Mencintai itu bukan tentang bisa memberikan segala yang terbaik dalam serba kecukupan namun memberikan segala yang terbaik yang mampu diberikan meskipun dalam kekurangan. Kemampuan untuk membagi semangat dan membangkitkan jiwaku yang letih. Memampukan diriku menguatkanmu disaat cobaan menghampirimu. Ikut merasakan manakala dirimu berbahagia. Ikut tertawa manakala aku bergembira. Ketulusanlah yang mempertemukan jiwa kita.

Meski terkadang tak sejalan, namun tak pernah terlintas untuk saling memaksakan. Tetap menggenggam erat  tangan, menggenggam erat hati. Saling menghargai dengan penuh ketulusan. Menyusuri jalan walaupun tak tahu dimana kan berujung. Lirih di hening malam, selantun doa, "Tuhan, ijinkan kami senantiasa berbahagia bersama"

Sebelum Fajar

Mengungkap rindumu yang membuncah tertahan, tak mampu kau tutupi dengan kegagahanmu. Ada sisi kekanakan dan manja ketika rasa itu datang, menguapkan semua kewibawaan. Tawa canda berderai setiapkali aku ada disisimu. Aku, yang kau cari. Aku yang kau kejar dengan sejuta harap cemasmu. Aku yang tak kunjung menghiraukanmu. Aku yang berdiri dengan segenap keangkuhanku. Selalu saja, aku berusaha pergi darimu, namun entah kenapa hatimu selalu bertahan menujuku. Hingga sampailah aku pada satu titik dimana tak bisa lagi mengelakkanmu. Dan aku tak lagi menemukan alasan untuk tidak membagi  bahagia denganmu.

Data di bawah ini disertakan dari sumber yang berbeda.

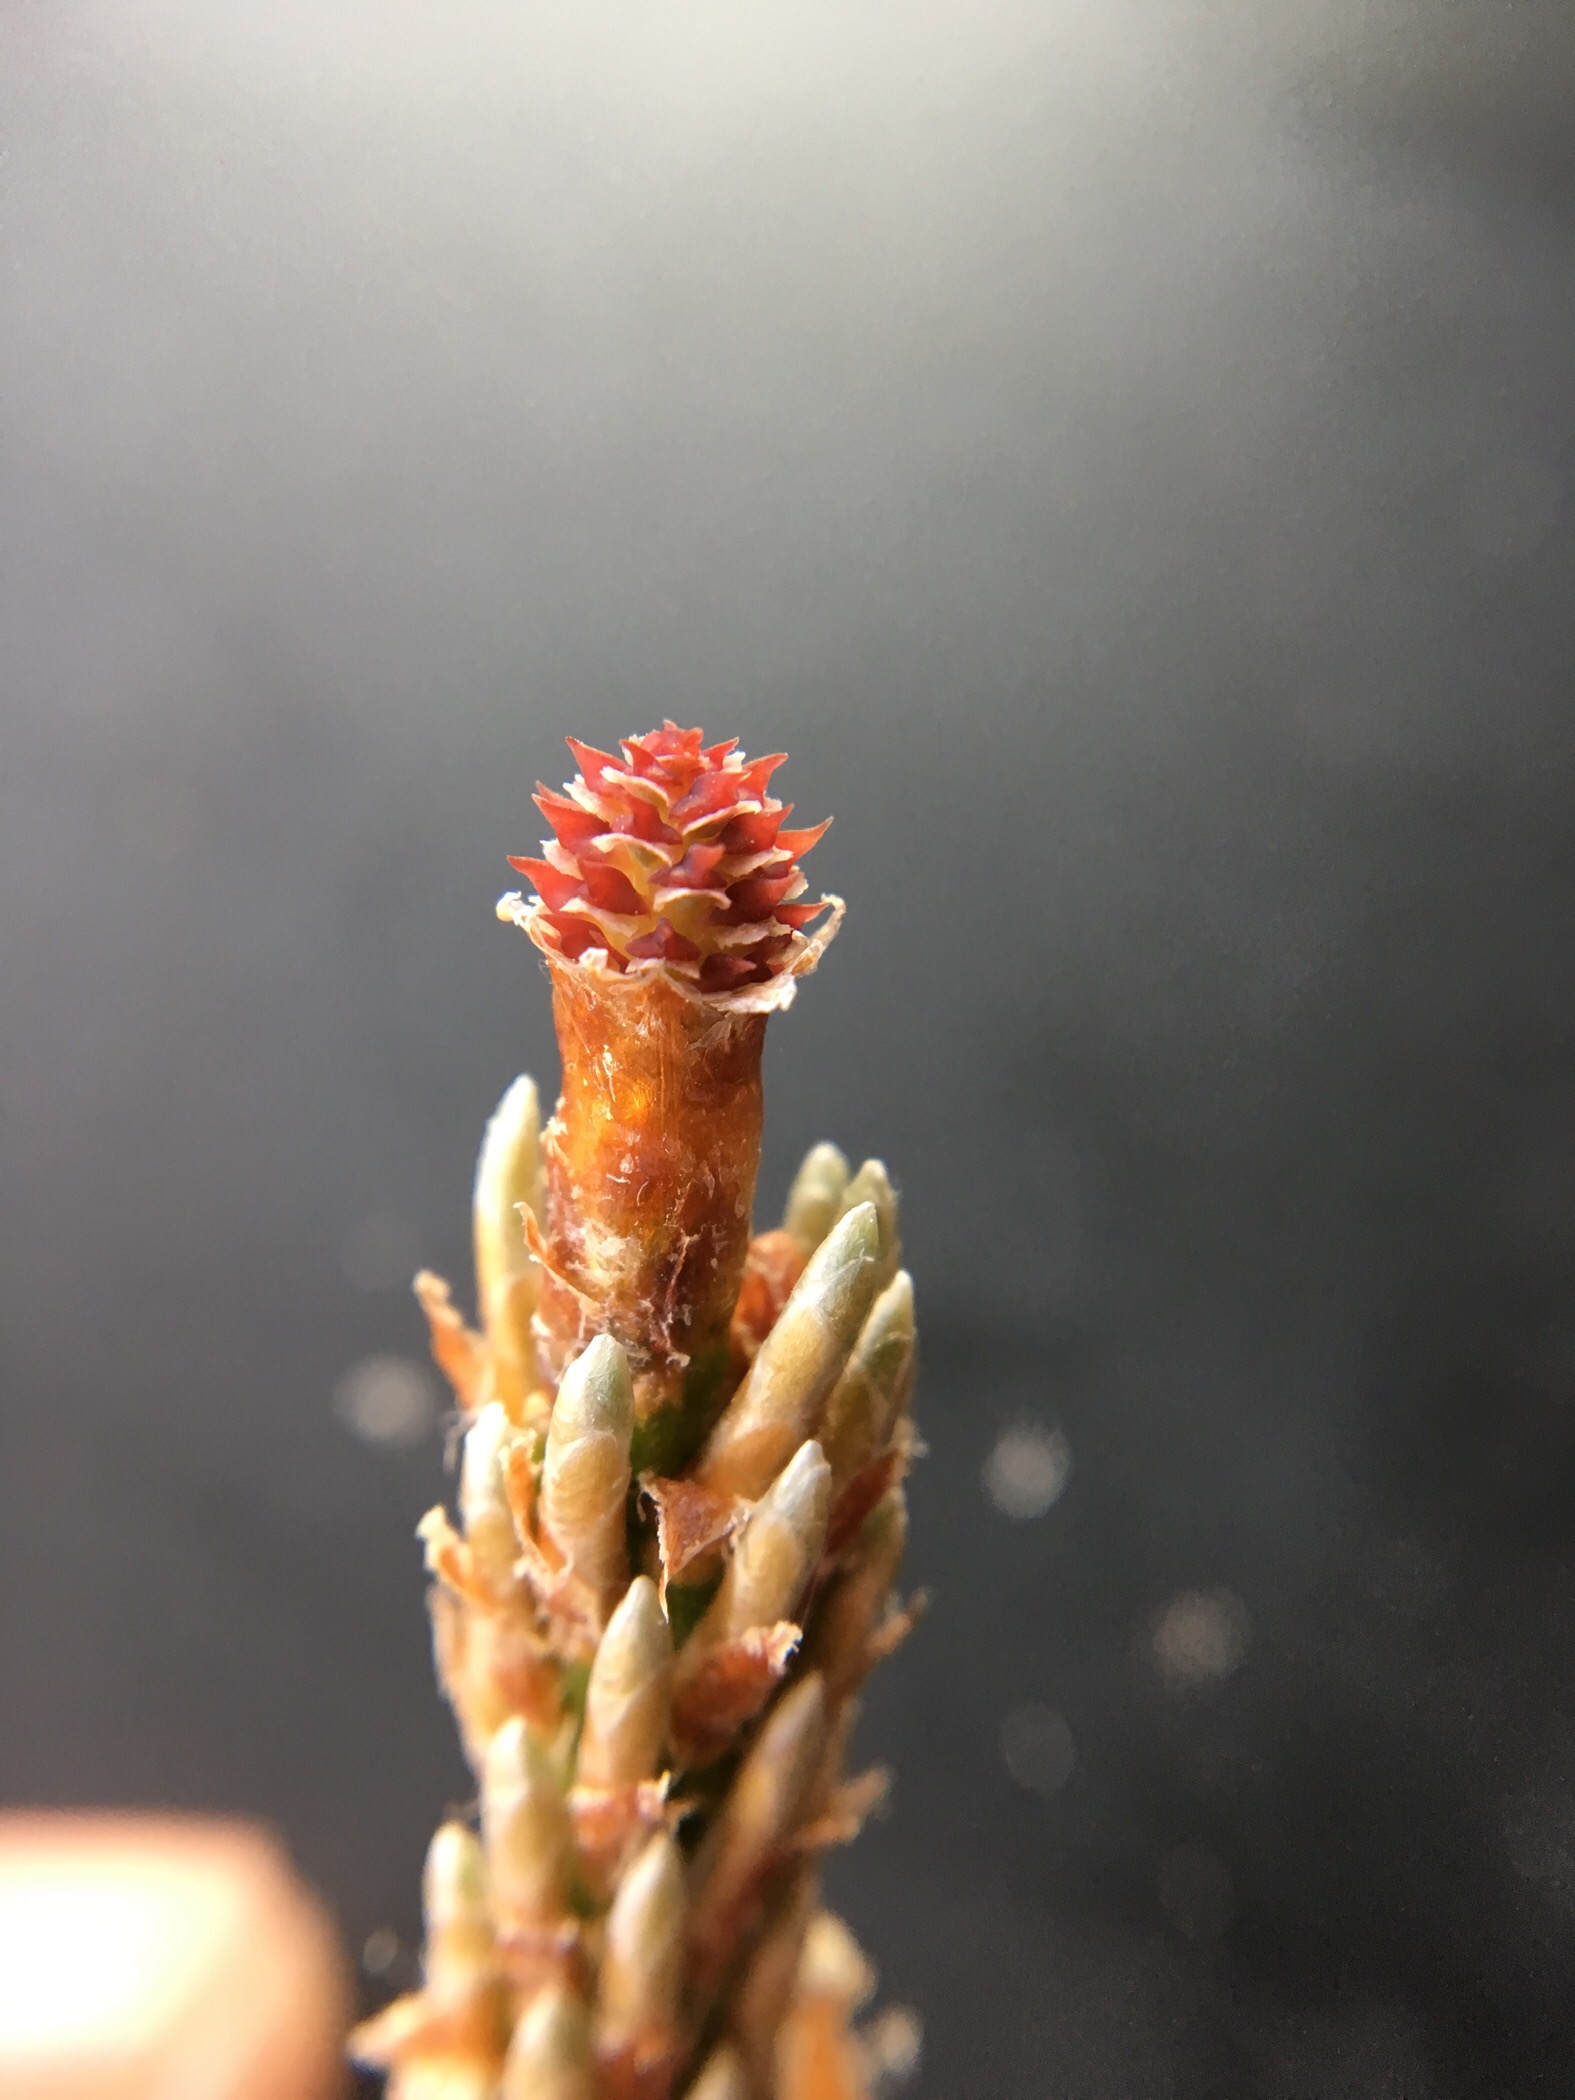 Female cone is small and red, the tip has newly elongated branches. Below the cone are clusters of leaves just starting to expand.

Dalam rajutan hari demi hari, setiap alur benang kehidupan terjalin melembarkan satu kisah. Suka duka tak pernah tersimpan dalam kebisuan. Kau selalu menyediakan bahumu untukku bersandar dikala letih dan pedih, begitupun sebaliknya, manakala dirimu terjatuh dan terpuruk, selalu ada tanganku terulur dan dekapku yang menenangkanmu. 

Mungkin orang mengatakan aku manusia gila, karena menghidupkan sosokmu yang tak nyata dalam anganku. Seakan-akan kau benar-benar ada dan menjadi belahan jiwaku. Mungkin jiwaku memang sudah terbelah, sebelah didunia nyata, dan sebelah lagi kau bawa. Entah, akupun tak pernah tahu sampai kapan cerita ini kan berakhir. Berakhir dan menjadi nyata atau berakhir menguap bersama angan yang terbuang, aku tak peduli. 

Pada akhirnya bahagia juga hanya ada didalam angan. Biarkan malam ini aku bersamamu dalam anganku, membagi kisahku tanpa jeda, titik taupun koma. Sepanjang malam ini. Karena fajar nanti aku harus membangunkan diriku ke alam nyata untuk bersiap berlaga, tanpa canda tawa. Biarkan esok menjadi milik esok. Nikmati malam ini dalam bahagia kita.